(YANGON, February 13, 2020)—The Government of Myanmar should lift internet restrictions in Rakhine and Chin states and release its justification for the internet shutdown and all information related to the process, said Fortify Rights and 28 organizations in a joint statement today.
The government of Myanmar first restricted internet access in Rakhine and Chin states in June 2019. On February 3, the Government of Myanmar ordered the reinstatement of internet restrictions in Rakhine and Chin states.
“This prolonged blackout suppresses the truth, and it’s disproportionately affecting civilians,” said Matthew Smith, Chief Executive Officer of Fortify Rights. “The government should immediately end the restrictions and give a public response for its rationale.”
On June 21, 2019, the government first imposed restrictions on mobile internet communications in nine townships: Buthidaung, Kyauktaw, Maungdaw, Minbya, Mrauk-U, Myebo, Ponnangyun, and Rathedaun townships in Rakhine State and Paletwa Township in Chin State. On September 1, the government lifted restrictions in Buthidaung, Maungdaw, Myebon, Paletwa, and Rathedaung townships. On February 3, the government ordered the reinstatement of the restrictions in those five townships.
In the joint statement published today, Fortify Rights and 28 organizations—including several Rakhine- and Rohingya-led organizations, Robert F. Kennedy Human Rights, Human Rights Watch, Amnesty International, and Article 19—called on the Myanmar government to “restore internet access” and “repeal Section 77 of the Telecommunications Law.”

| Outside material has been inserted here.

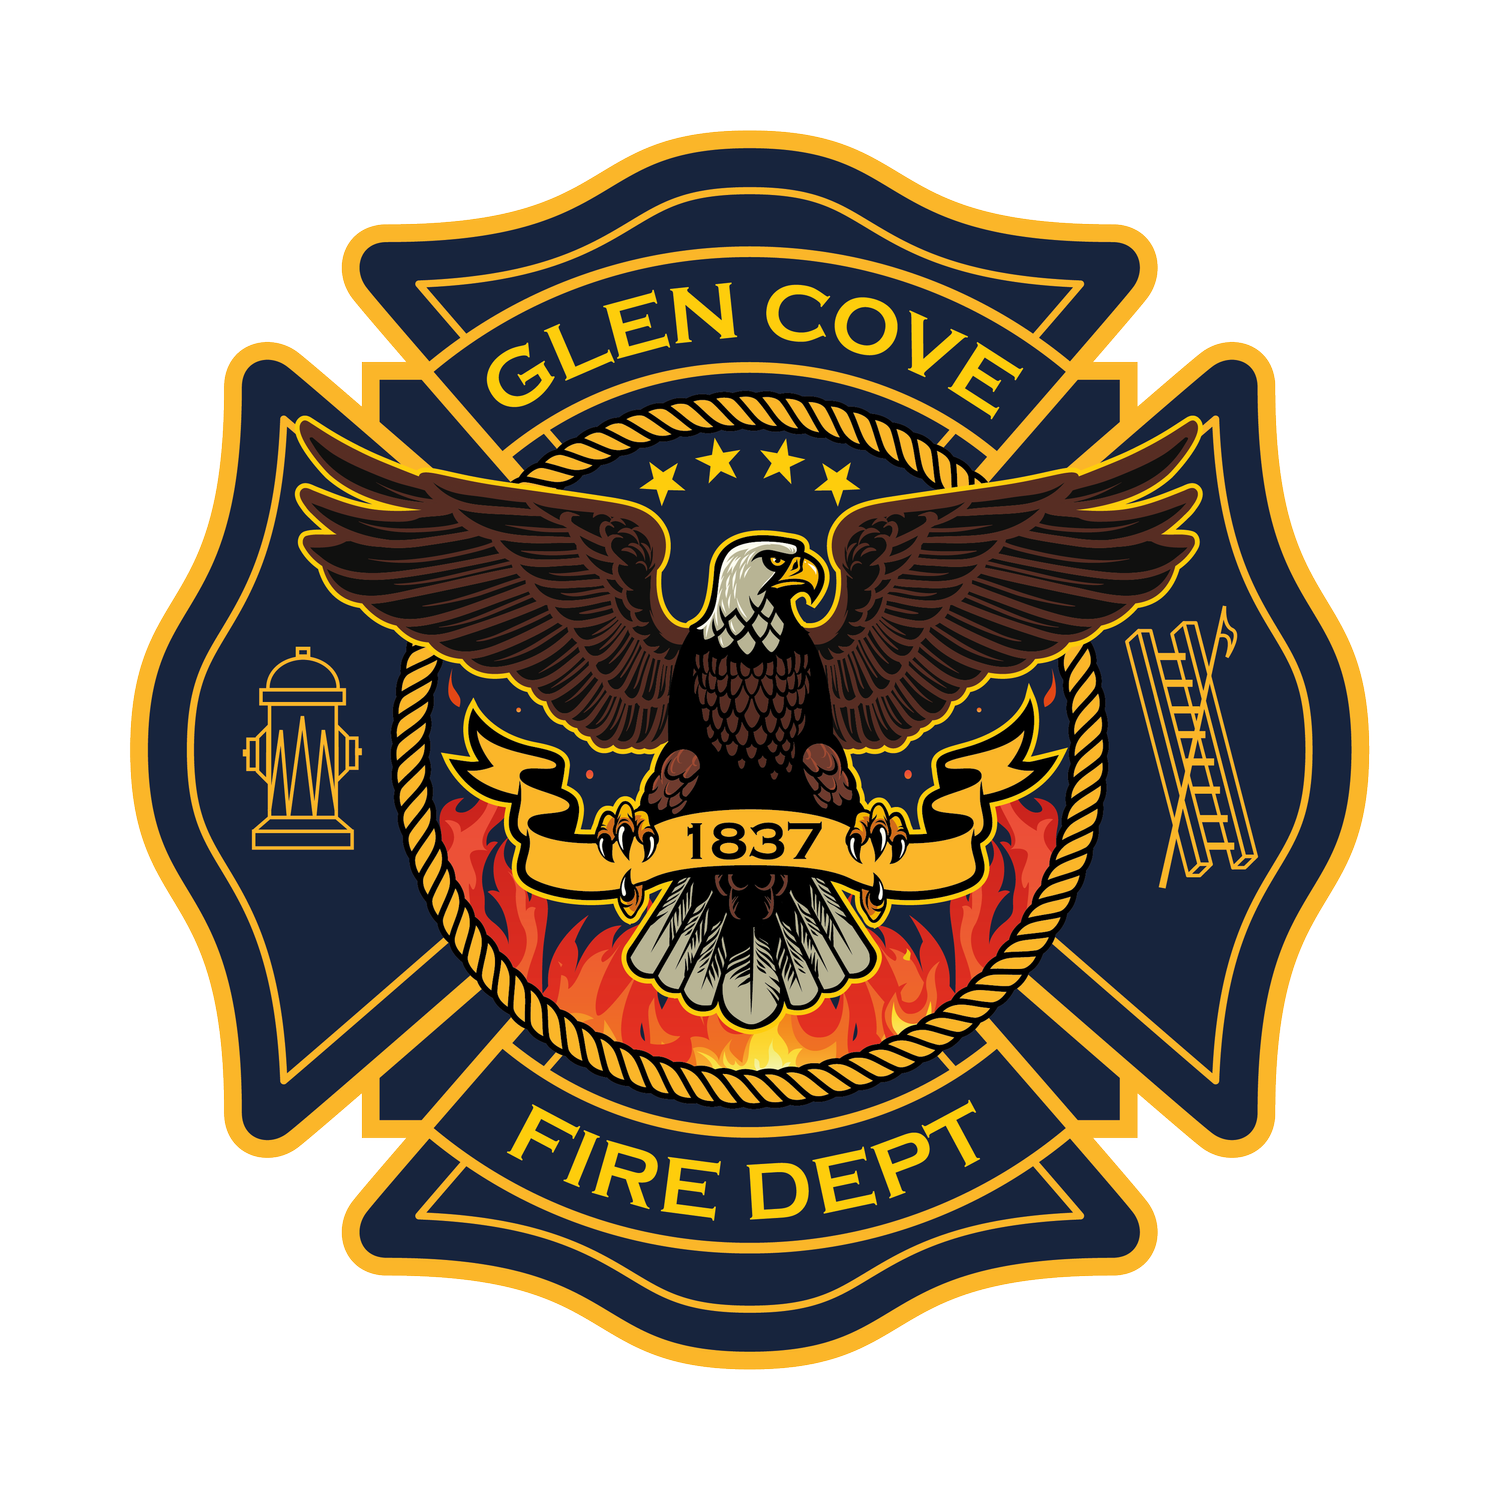 The City of Glen Cove Volunteer Fire Department

The 2013 Telecommunications Law permits the suspension of internet services “when an emergency situation arises” and “for public interest.” The telecommunications provider Telenor Group wrote in a statement that the Myanmar Ministry of Transport and Communications said the new shutdown took place because of “security requirement and public interest.”
The statement also calls on the Government of Myanmar to “release publicly the justification for the internet shutdown and all information related to the process by which these restrictions were imposed.”
The Myanmar military and Arakan Army (AA) have engaged in armed conflict in Rakhine State since 2015. Clashes between the Myanmar military and AA displaced thousands of civilians in Rakhine State since January 2019.
Aung Thaung Shwe, a Rakhine lawmaker from Buthidaung Township in Myanmar, told media in February 2020 that the “military has been conducting clearance operations” and “now, internet services are shut down.”
In July 2019, Fortify Rights documented how the internet shutdown in Rakhine State disproportionately affects the protection of civilians through the disruption of aid delivery. Furthermore, since September 1, 2019, the Government of Bangladesh has also put in place restrictions on mobile internet communications and authorities have confiscated SIM cards and cell phones from Rohingya refugees in Cox’s Bazar District, Bangladesh.
In July 2018, Fortify Rights published a 160-page report detailing how Myanmar authorities made “extensive and systematic preparations” for attacks against Rohingya civilians in 2017 that constituted genocide and crimes against humanity. Fortify Rights named 22 military and police officials who should be investigated and possibly prosecuted for genocide and crimes against humanity.
Up to 596,000 Rohingya remain in Rakhine State today and are subject to ongoing government persecution and violence. In September 2019, Fortify Rights published a 102-page report exposing how Myanmar authorities forced and coerced Rohingya to accept National Verification Cards, which effectively identify Rohingya as “foreigners,” strip them of access to full citizenship rights, and systematically erase their ethnic identity.
On January 23, the International Court of Justice (ICJ) ordered Myanmar to comply with several “provisional measures” to protect Rohingya rights and preserve evidence relating to an ongoing case against Myanmar for genocide.
On February 3, the AA published a statement online declaring that it would release evidence of mass graves of Muslims killed and buried by Myanmar armed forces in Rakhine State. The same day, the government cut internet access.
“The ICJ ordered the government to preserve potential evidence of genocide, and the internet blackout raises questions about its commitment to honoring the court’s ruling,” said Matthew Smith. “The government should work with the international community to hold preparators of atrocities accountable and provide human rights monitors unfettered access to affected communities.”